Император прибыл 9 ноября, в разгар всеобщего отчаяния. Он заперся в одном из домов на площади и вышел из него 14-го, чтобы продолжать отступление. Он рассчитывал на полумесячный запас полного содержания для стотысячной армии и нашел только половину, мукой, рисом и водкой; говядины вовсе не было. Слышали, как он бешено кричал на одного из главных интендантских чиновников, и этот господин не был повешен только потому, что долго валялся в ногах Наполеона.
«Со времени приезда Наполеона, – пишет автор «Войны 1812 года», – я распределяю запасы войскам различных корпусов. Боюсь, что семеро часовых, день и ночь меня охраняющих, будут не в состоянии помешать растерзать меня голодающим солдатам… Высшие офицеры выбили у меня окно и влезли в него…»

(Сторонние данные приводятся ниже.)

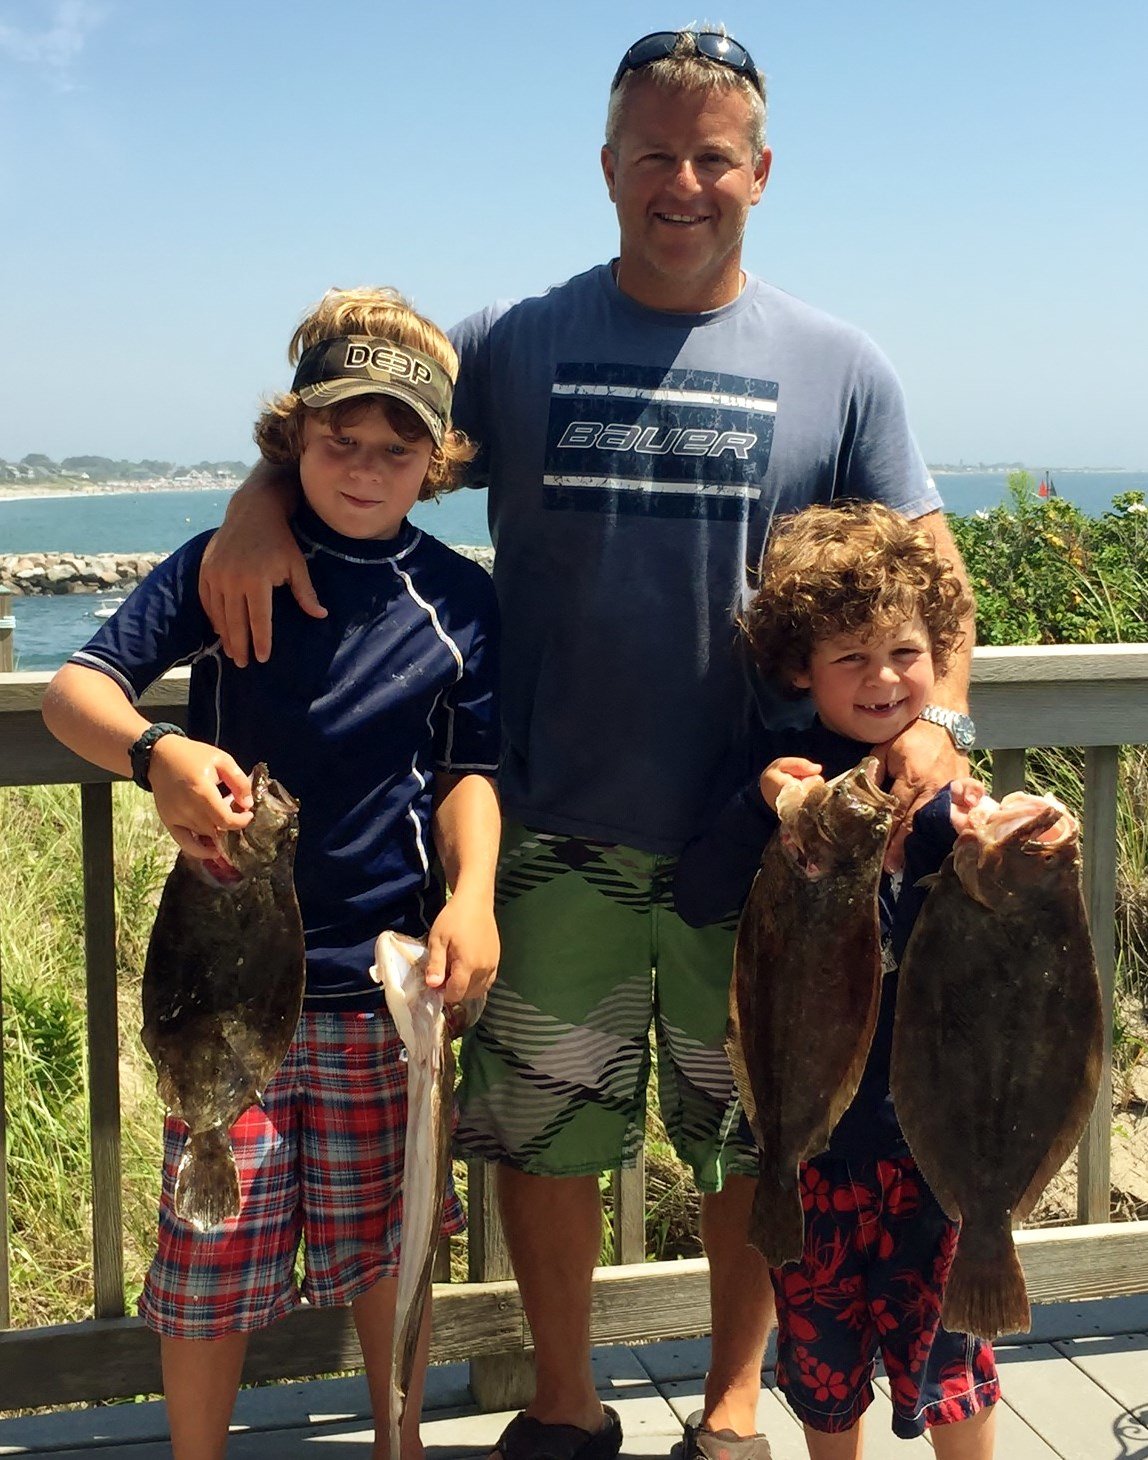 Memories of a lifetime: The Monti family fished the Hooter Buoy off Point Judith four years ago to create this family memory. The trio landed multiple summer flounder to 24”. Anglers are being asked to weigh in on summer flounder, scup and black sea bass allocation amendment by March 16.

Все очевидцы упоминают о глубоком разочаровании, постигшем армию в Смоленске. «Как выразить наше горе, – замечает Labaume, – когда в предместьях Смоленска мы узнали, что девятый корпус уже выступил, что в Смоленске не остановятся и что провизия, какая была, уже израсходована. Разразись молния перед нами, мы меньше были бы поражены, чем этою новостью, до того всех сразившею, что никто не хотел ей верить… после мы убедились, что настоящий голод царил в этом месте, а мыто считали его полным всякого довольства!..»
Солдаты, оставшись без квартир, расположились среди улиц, и через несколько часов их уже находили вокруг огней мертвыми. Госпитали, церкви и разные другие общественные здания были переполнены больными, являвшимися целыми тысячами… Не имея помещения, они оставались и умирали на привезших их повозках, лафетах, зарядных ящиках…
«Один кирасир, – рассказывает очевидец, – громко стонавший от голода, бросился на труп ободранной лошади и, засунув голову в скелет, стал зубами вырывать внутренности. Голод был так велик, что русские находили французские трупы, наполовину съеденные своими товарищами…»
В Смоленске оставили пять тысяч больных и раненых, которым вовсе не дали никакой провизии. Доктора и чиновники, назначенные для охранения их, пропали, разбежались, не желая быть перебитыми или взятыми в плен.
Chambrey свидетельствует, что, в противность обыкновению, больные даже не были рекомендованы великодушию русских – их просто выбросили, как бесполезную вещь.
«Война, – говорит автор «Кампании 1812 года», – приняла характер такого ожесточения, что невозможно представить себе, где остановится месть неприятеля, озлобление которого вызвано всяческими разрушениями и истреблениями. Перед тем, как помышлять о взрывах, вроде Московского и Смоленского, и пожарах, столько же жестоких, сколько и бесполезных, следовало бы подумать, что оставляют неприятелю десятки тысяч людей в госпиталях и на дороге…» Rene Bourgeois пишет: «Оставленные умирать с голода, принужденные сами заботиться о своем существовании, эти несчастные ползали по полям, вырывали корни, остатки капусты и других овощей. Валяясь на сгнивших соломе и траве, на тряпках и лохмотьях, они покрылись грязью и насекомыми, пропитались зловонием от умерших и уже разложившихся товарищей. На расстоянии целых восьмидесяти лье нужно было не идти, а, так сказать, прокладывать себе дорогу между всевозможными обломками и трупами. Во всех местах остановок, на всех этапах встречались кладбища, называвшиеся госпиталями, которые издали давали о себе знать отвратительным зачумленным воздухом и кучами разлагавшихся тел и нечистот, составлявших невообразимые клоаки…»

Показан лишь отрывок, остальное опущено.